▶ _EXTRACTED ENTRIES_:

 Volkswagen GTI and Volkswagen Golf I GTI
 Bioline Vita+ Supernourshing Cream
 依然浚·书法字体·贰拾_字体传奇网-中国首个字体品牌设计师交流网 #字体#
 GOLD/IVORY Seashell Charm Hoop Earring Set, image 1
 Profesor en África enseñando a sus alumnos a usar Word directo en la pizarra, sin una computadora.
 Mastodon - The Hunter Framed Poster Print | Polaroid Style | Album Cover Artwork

▶ _YOUR ASSIGNMENT_: Write out again, exactly as they appear above, the lines from the one containing "GOLD/IVORY Seashell Charm" to the final line, and only those.

▶ _RESPONSE BOX_:
 GOLD/IVORY Seashell Charm Hoop Earring Set, image 1
 Profesor en África enseñando a sus alumnos a usar Word directo en la pizarra, sin una computadora.
 Mastodon - The Hunter Framed Poster Print | Polaroid Style | Album Cover Artwork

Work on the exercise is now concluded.